On May 28, 1481, he set out from Naples on his journey to the East., going by way of Rhodes to Alexandria, where he apparently saw a beautiful manuscript of the Hebrew Bible, which the natives claimed had been written by Ezra. In Cairo, he bought gems and was greeted by Solomon ben Joseph. On July 29, he reached Jerusalem, where he reported that there were about 250 Jewish families. There, he reported that Jews went to pray near the site of the Temple on Tisha B'Av to mourn its destruction. He passed through Jaffa and Damascus to Crete, where he was shipwrecked, and lost his precious stones. His life was saved by a German Jewish physician, and Meshullam finally reached Venice in October.

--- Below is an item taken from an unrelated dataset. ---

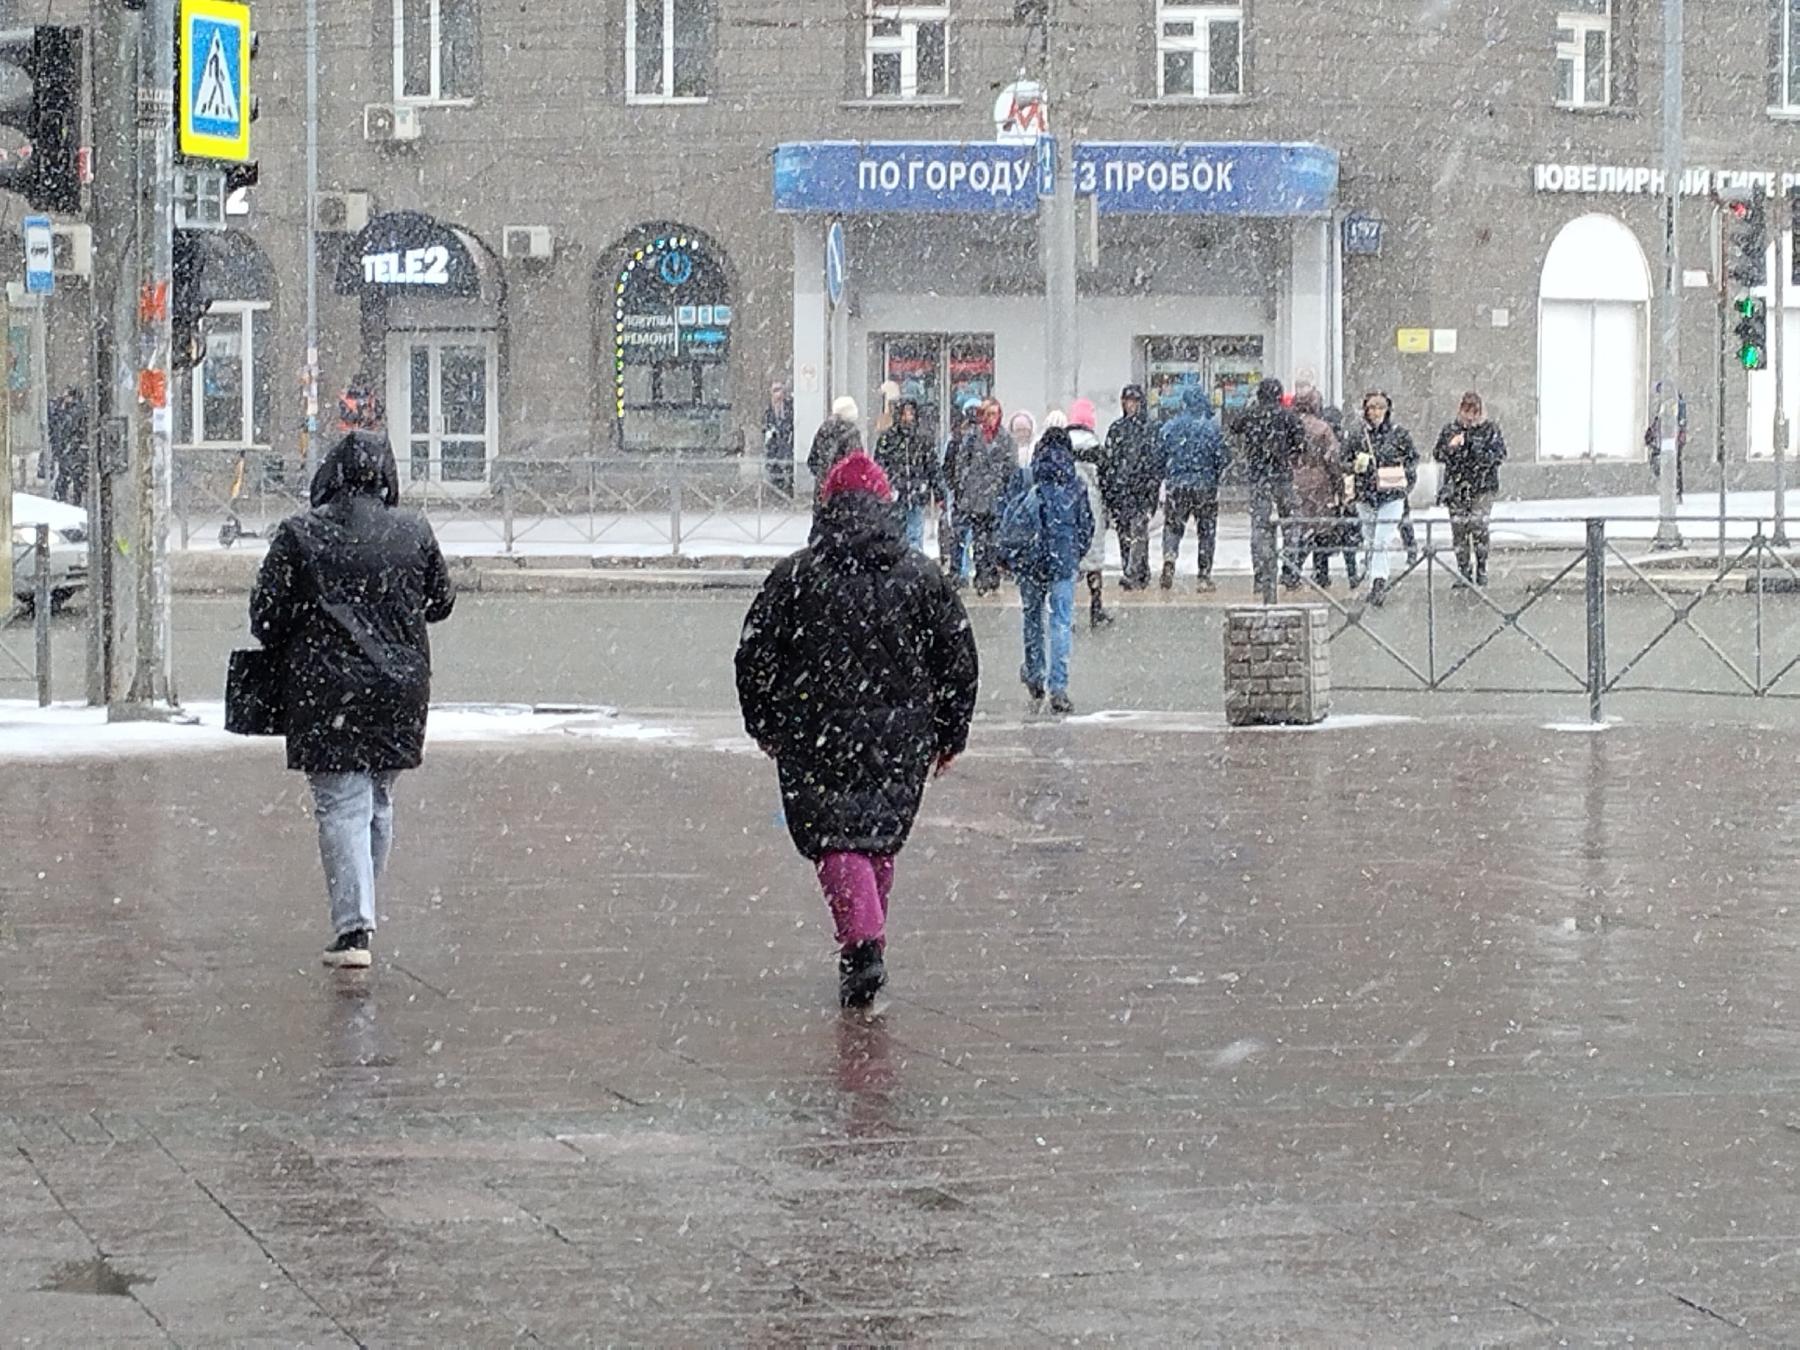 Фото Электронные повестки, смертельное ДТП в Новосибирске и снегопад в апреле - итоги недели на Сиб. фм 3

Meshullam wrote an account in Hebrew of his journey called Massa Meshullam mi-Volterra be-Erez Yisrael (מסע משולם מוולטרה בארץ-ישראל), which contains a wealth of information about the cities he visited as well as their Jewish communities and traditions. He also gives much information of economic interest. While occasionally noting local legends, he is often skeptical about them. He also shows some familiarity with classical literature. His style is readable and attractive, with numerous Italian expressions, although containing some grammatical errors.

Meshullam died in 1507 or 1508 in Venice.